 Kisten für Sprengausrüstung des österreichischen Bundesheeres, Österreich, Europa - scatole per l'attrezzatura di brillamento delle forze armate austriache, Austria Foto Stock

#####

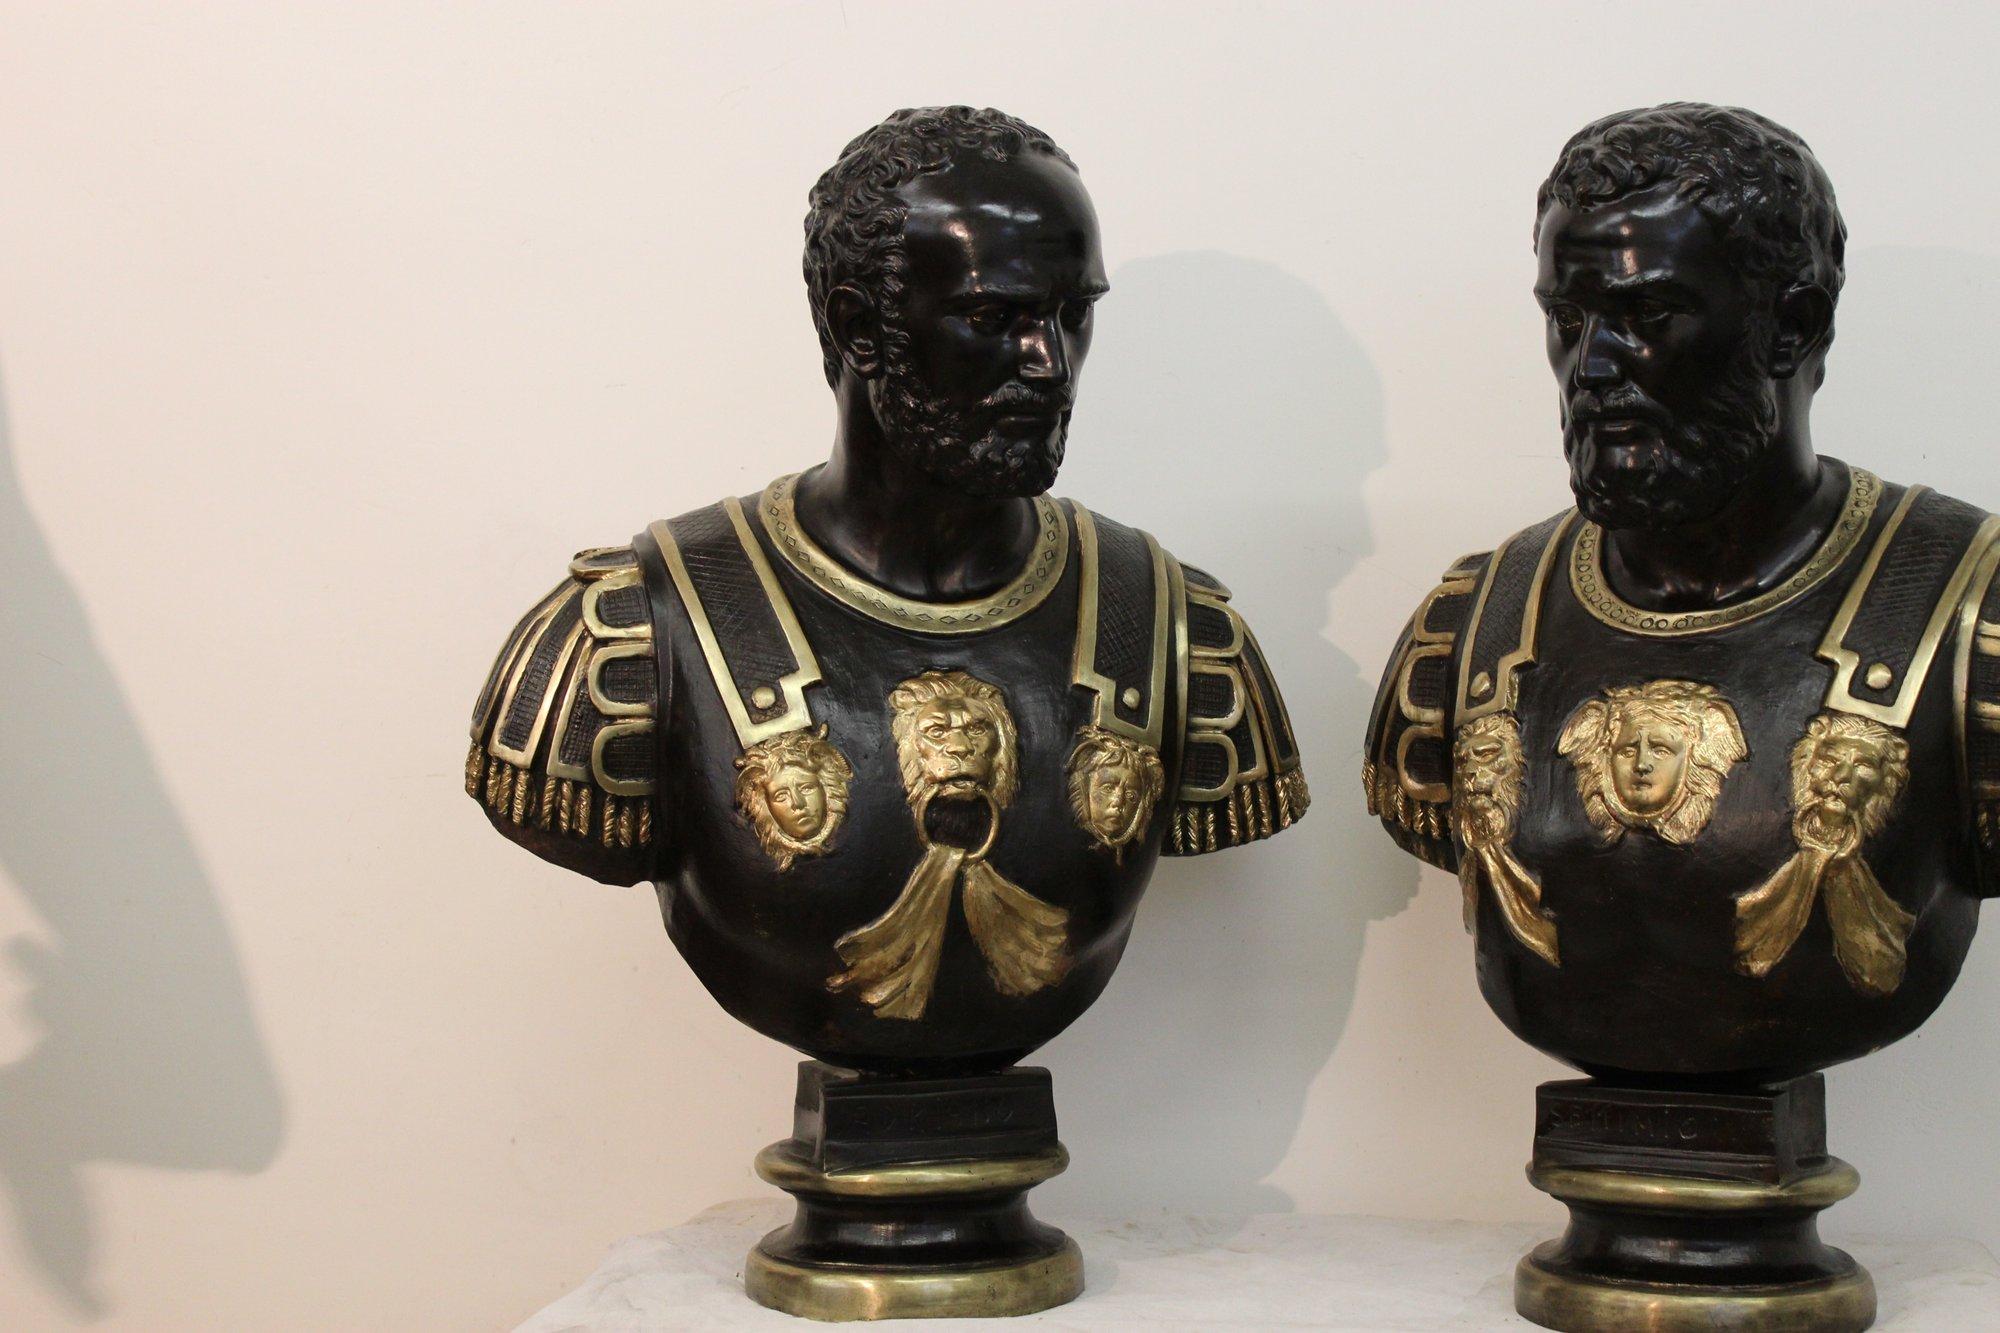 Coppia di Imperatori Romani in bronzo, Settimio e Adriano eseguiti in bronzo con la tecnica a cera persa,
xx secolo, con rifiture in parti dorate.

#####

> REQUIRED WORK
Using the data above, return the lines from the one holding "Coppia di Imperatori" through the one holding "xx secolo, con rifiture in parti dorate." exactly, but not the pictures.

> SOLUTION TO THIS EXERCISE
 Coppia di Imperatori Romani in bronzo, Settimio e Adriano eseguiti in bronzo con la tecnica a cera persa,
xx secolo, con rifiture in parti dorate.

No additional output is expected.